In a sense they would do anything to see, even if it were a mere moment, they would never think of having acid poured into their eyes, my girlfriend has CRPS, due to a horse stepping on her foot and breaking all the bones in her foot, as a result she had to get her right foot removed. Her condition is not visible to the human, but what most people don’t know the amount of pain that she is in every day. Again, most everyday she wishes that she could get some sort of relief if for a moment. She wouldn’t wish what she must go through on anyone.  I myself have lived with cerebral palsy for thirty-eight years, have had a handful of major operations on my back and lower body. The thoughts that flow through my mind the most, are wishing that my right-hand full use, and that my legs were able to do things that most of us take for granted every single day.  

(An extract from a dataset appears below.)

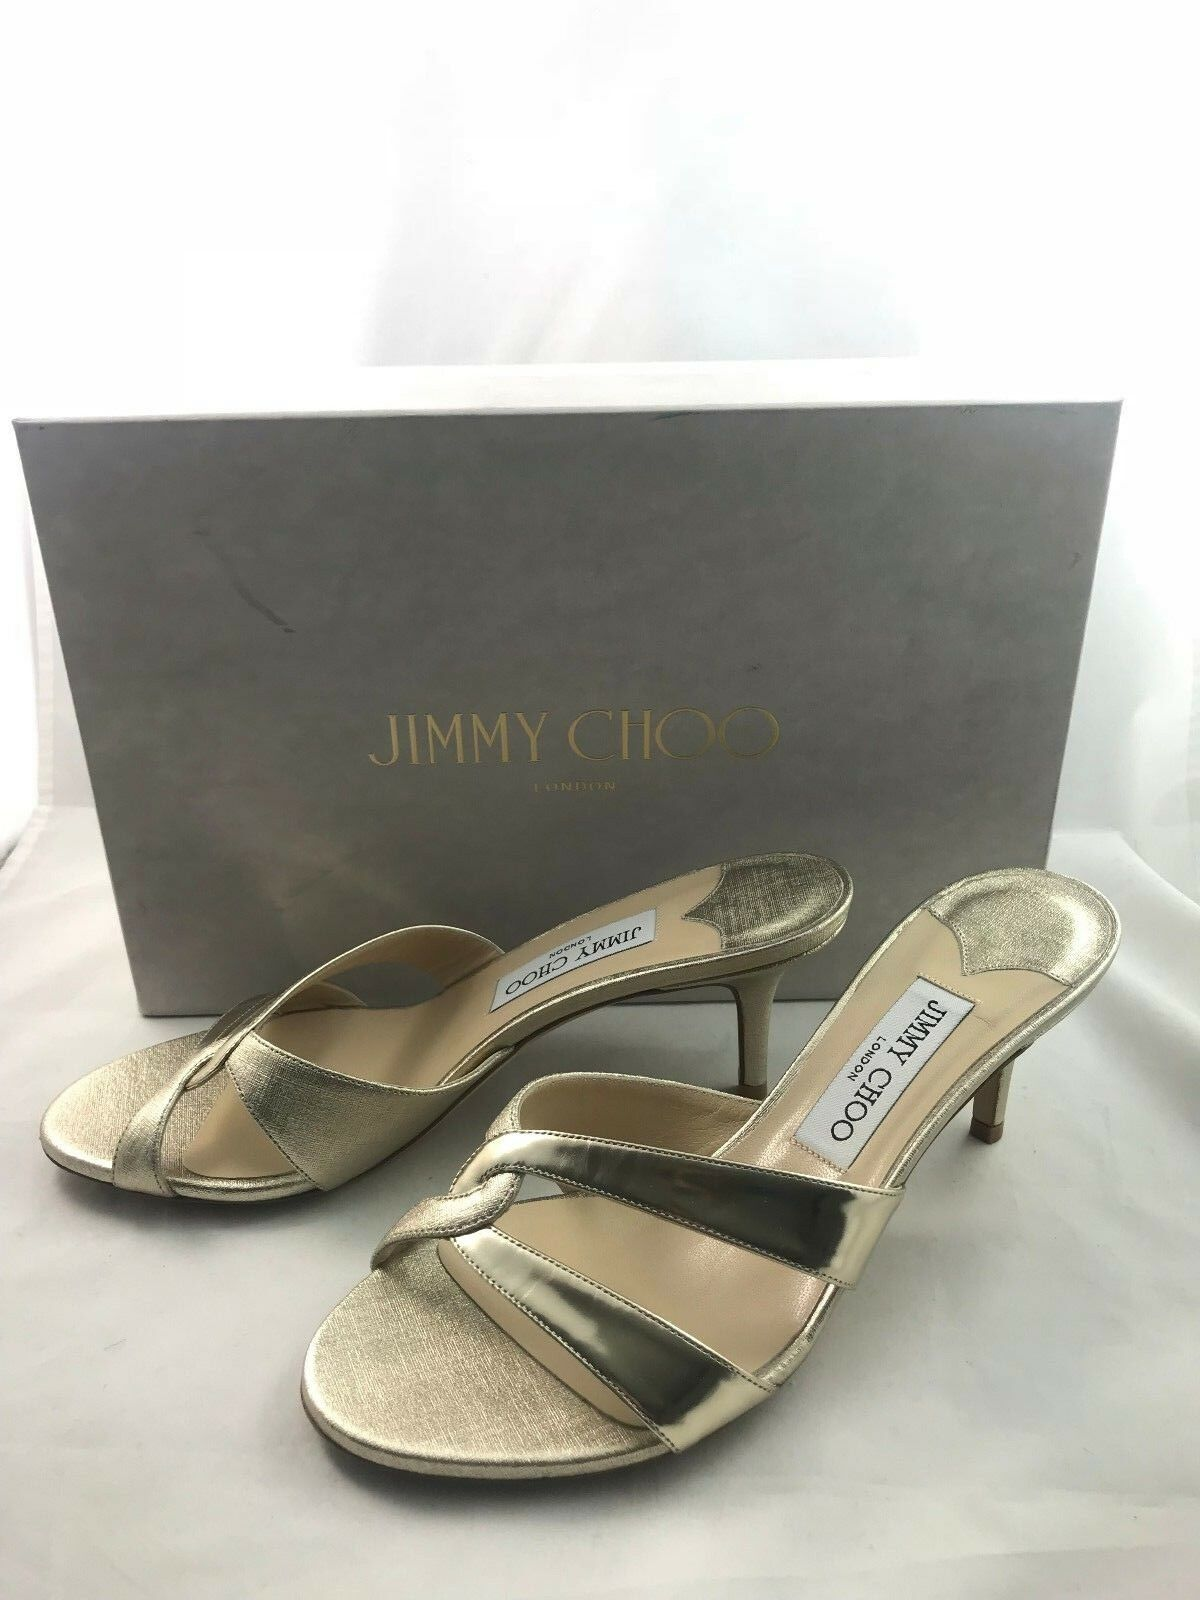 Jimmy Choo Tation Platinum Gold Slide Sandals With Box

            While the reality of mental health issues is very real, this in my opinion is much deeper than the mind. It is a profoundly spiritual one as well. This is a battle between good and evil, these people that want to have their bodies willfully changed to live as someone with a disability, are still people made in the holy and beautiful image of God. On the other hand, because we live in a fallen and broken world, the mirror that we as humans have, reflecting the image of God is broken. As such, the enemy, Satan attacks people in the best place that he can overtake them, that being the mind. As a Christian, is it is of great importance to pray for these people and pray for them.

It is of equal importance then, to confront the lies of the enemy with truth and love. And the truth is that, as a society we are being deceived and lied to. The Bible tells us that we are not our own (1 Corinthians 6:19-20). Our bodies are gifts of God and as such we should honor our bodies by taking care of them and not destroying them. I can assure you that it is not in the heart of Father God to have people doing these things to themselves, yet because many of choose not to listen or adhere to Gods voice and word sin and brokenness play out.  What causes my heart even more grief, not to mention how much it grieves and angers the heart of God as well, is the mere fact that medical professionals (doctors) are allowing such atrocity to take place in their own practices.

            It’s as though the reality of doing no harm, means nothing to them anymore to them anymore. Unless it puts a percentage of money in their pockets, which they should be filled with shame for. Licensed mental health professionals, should be doing whatever they can to steer their patients away from the idea of radically changing their bodies in such a great way. One that will change their lives forever, without being able to truly weigh and not the consequences that can follow such a decision. This may seem strong, but medical and mental health professionals who give a green light for people, to go through with such a desire should not be allowed to practice any longer.

Once again, it may seem harsh that my conviction is to strip medical professionals of their ability to practice, who do great harm to others in this way, by virtue of pandering to one’s desires. The questions that we must ask ourselves as a society, is how far we are willing to let this slippery slope go? How much more will we allow people to willfully destroy their bodies before we wake up from our sleep and say enough is enough?  I can’t speak for anyone else, but I’m tired of seeing society progress more and more into emptiness.

            It’s time that we as people, start pushing back against these norms, rather than allowing people to go down such routes. They must know that there made in the image of God, they must know that there is purpose in the bodies that God has originally blessed them with. They must know that there is a spiritual war that is taken place for the mind and soul, they must know that nothing else can satisfy them, the way the presence of God can.